USB Game Pad With Tilt-accelerometer Mouse using an Arduino

Arduino USB Game Pad (1)

Make a game pad with an accelerometer inside!

This project tutorial will show you how you can convert a console game pad into a USB keyboard mouse for playing games on your PC. The USB game pad can be used with nearly any software, such as a MAME emulator, game, simulation software, or for custom user interfaces.

We’ll start by turning the buttons of the game pad into keyboard buttons, so that pressing ‘up’ is converted into the ‘U’ key, for example. The firmware is easily adaptable, so you can adjust it for whatever software it will be used with.

Then we’ll make the project more interesting by adding an accelerometer. This will allow the game pad to be used as a mouse by tilting it!

Credits

This tutorial including the original code and Portal video is by Devlin Thyne! Rock!

Arduino USB Game Pad (1)

Step 1: What You’ll Need…

You’ll need the following in order to build the project:

  • Game pad – We’ll be using an SNES controller
  • Teensy – This is a very small microcontroller board that can act as a keyboard/mouse
  • Triple-axis accellerometer – We’ll be using the nice ADXL335 on a breakout board. You can skip this if you’re not planning to add in the mouse capability
  • USB cable with mini-b connector – to attach to the Teensy for plugging into a computer!
  • Ribbon cable – for all the soldering connections. Rainbow cable is the easiest to work with as its color coded

If you want to build the entire project, we have a project pack in the shop with all the parts listed above!

You’ll also need some basic hand tools such as screwdrivers, wire strippers, soldering ironsolderdiagonal cutters, vise or third hand tool, etc.

All the code is on GitHub, including some extra sketches we’ve written so be sure to look there!

Step 2: Disassemble the SNES Controller

We’ll begin by disassembling the SNES controller. There are 5 small phillips screws on the back [see image 2a].

Once you lift the back off, you can remove the PCB. Be careful as there are tiny wires for the ‘side’ buttons so just make sure those pieces come out cleanly [see image 2b].
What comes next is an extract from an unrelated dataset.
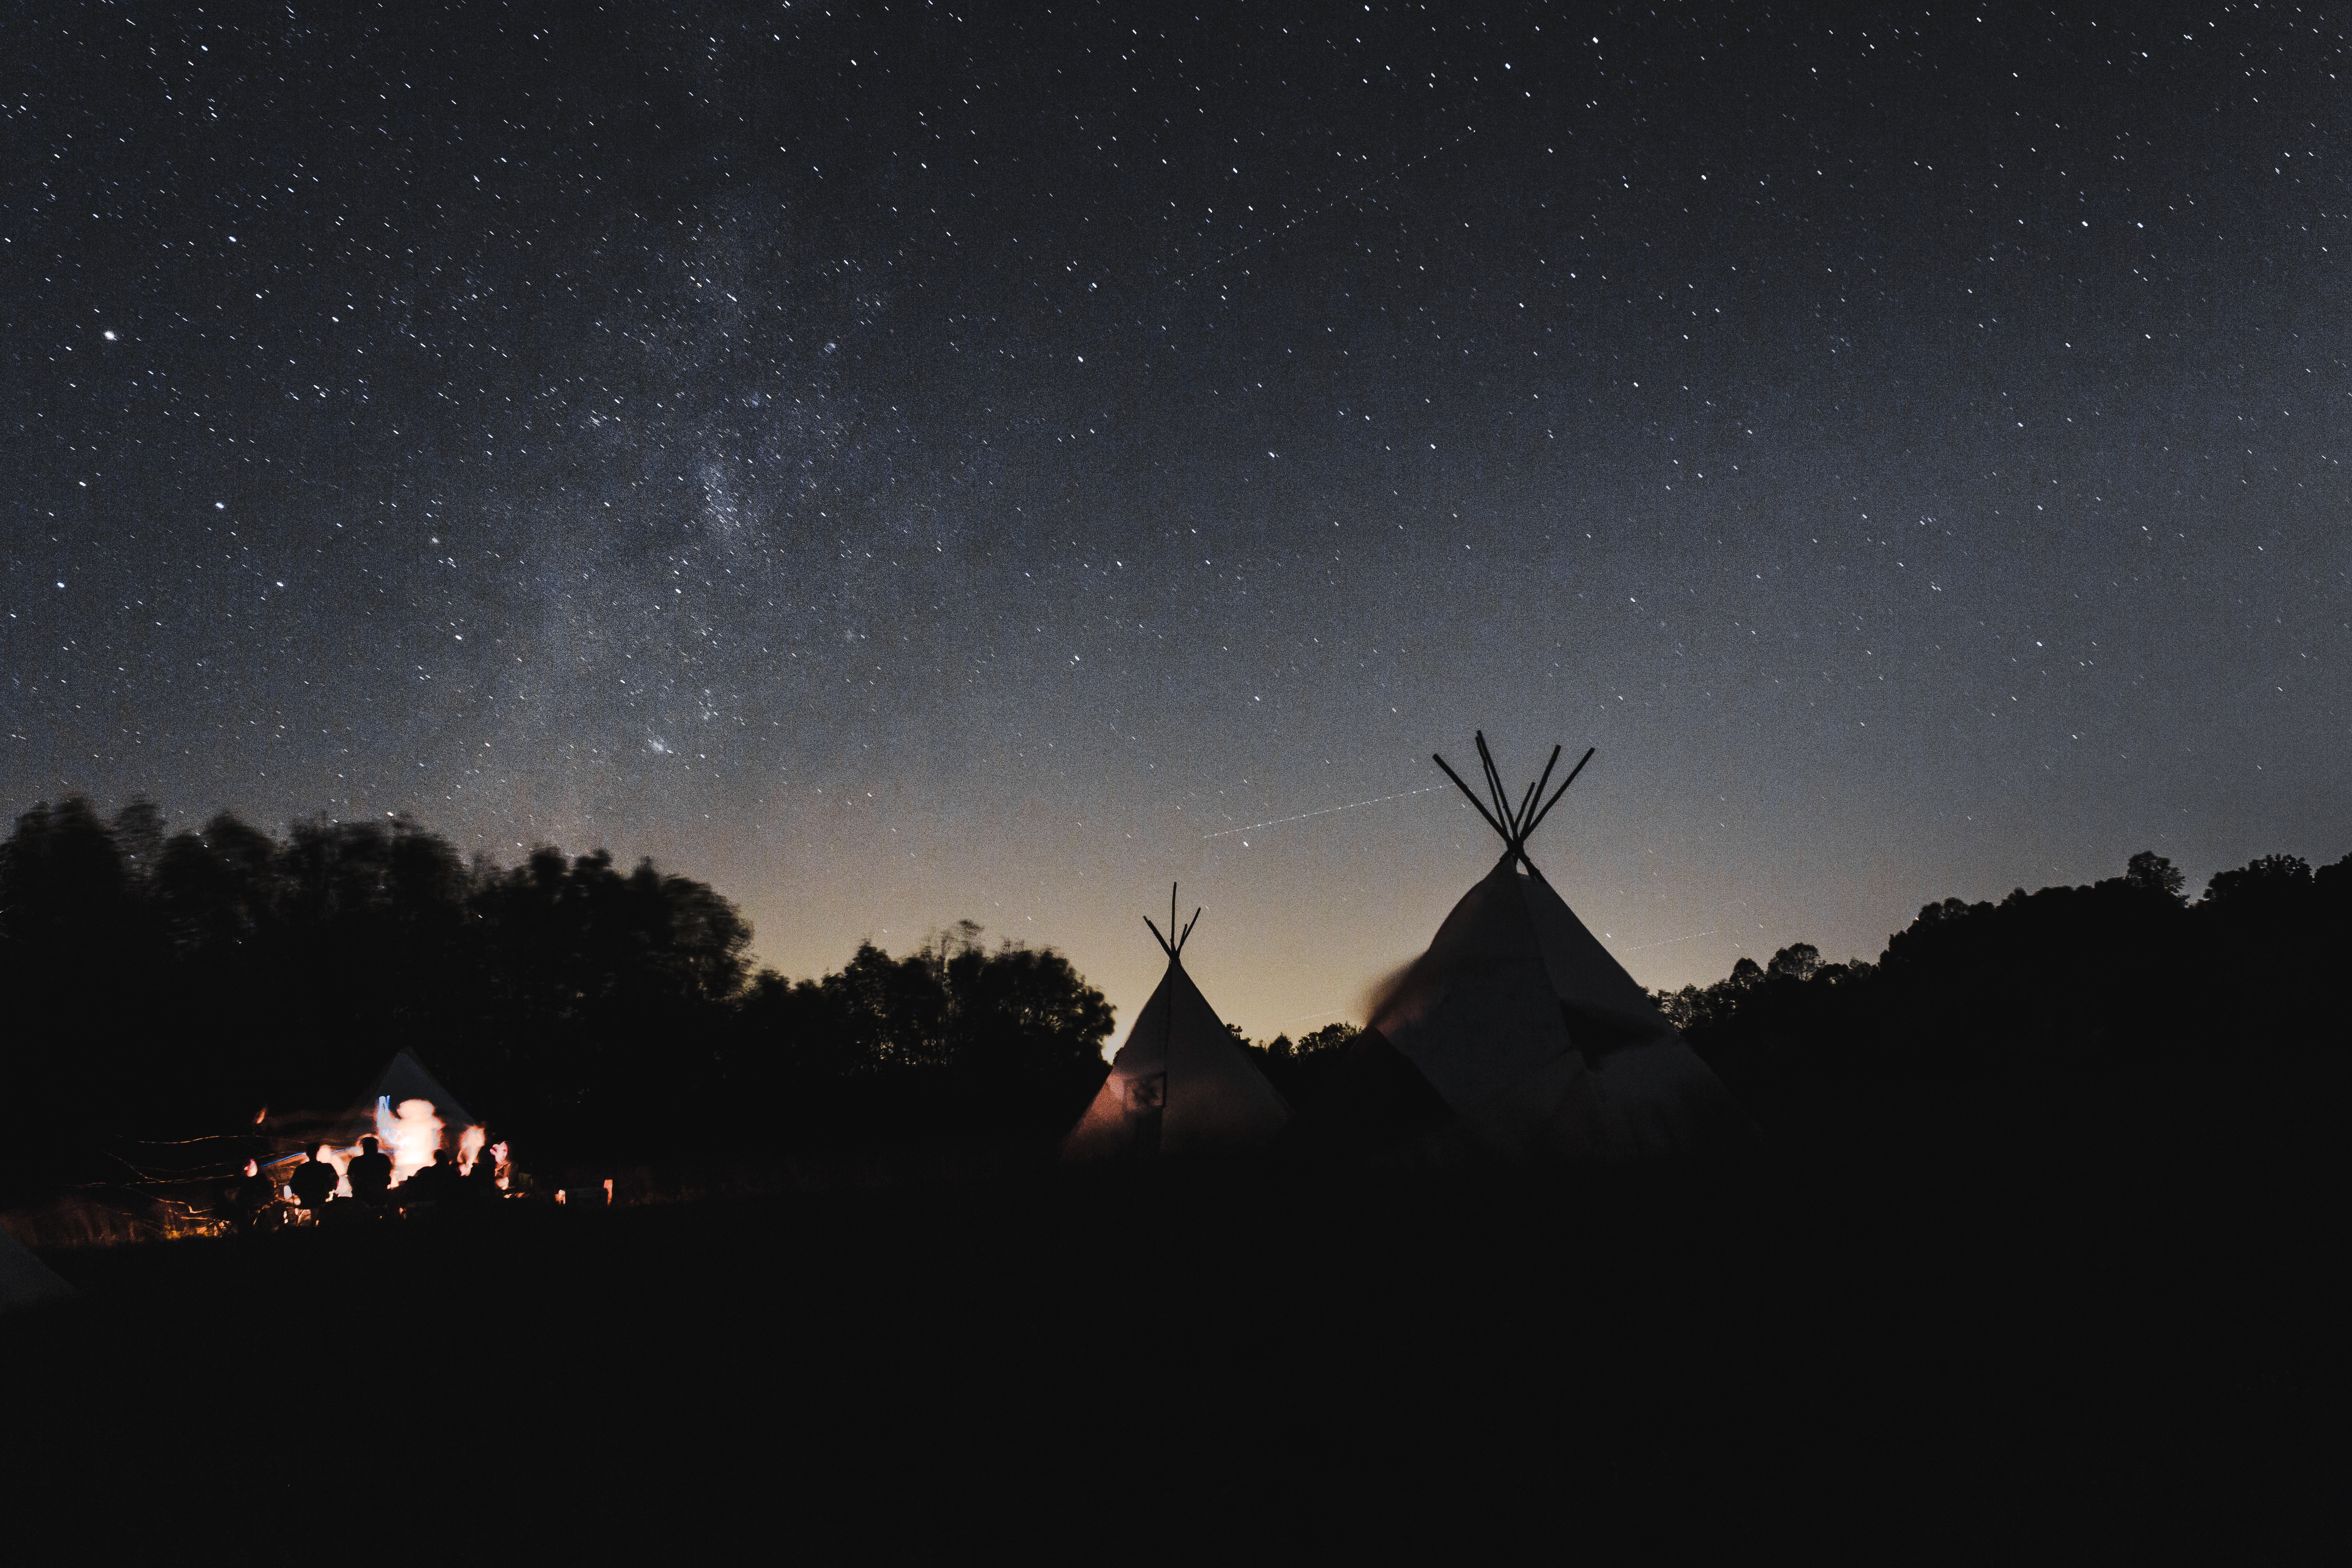 tipi tents on mountain during nighttime

Each button is made of 3 parts – there’s the plastic part that you press, beneath that is the elastomer which is a rubber molded piece with a conductive bit that goes underneath the plastic part, and finally on the PCB there are two interdigitated and exposed traces. When the user presses the plastic button, it pushes down on the elastomer which then pushes the conductive rubber onto both traces, shorting them.

There is also a black blob in the middle. This blob is a chip that takes all the button inputs and then converts it into the way that the SNES wants to hear. That’s all fine, but we don’t want to use the blob because we are going to make our own custom chip software. (Note that it would be pretty easy to make the Teensy ‘talk’ right to the blob using the SNES protocol but then you wouldn’t be able to adapt this tutorial to other controllers, for that reason we’re going to do it the ‘hard way’)

The question is now how can we listen to all the buttons?

Well, luckily, almost all game pads are going to use a similar method for arranging the buttons. If you note carefully at the PCB, you’ll see that each button is made of two traces, but that all of the buttons share one trace together [image 2c].

This is the common (ground) trace. If we were to make a schematic, it would look kinda like image 2d.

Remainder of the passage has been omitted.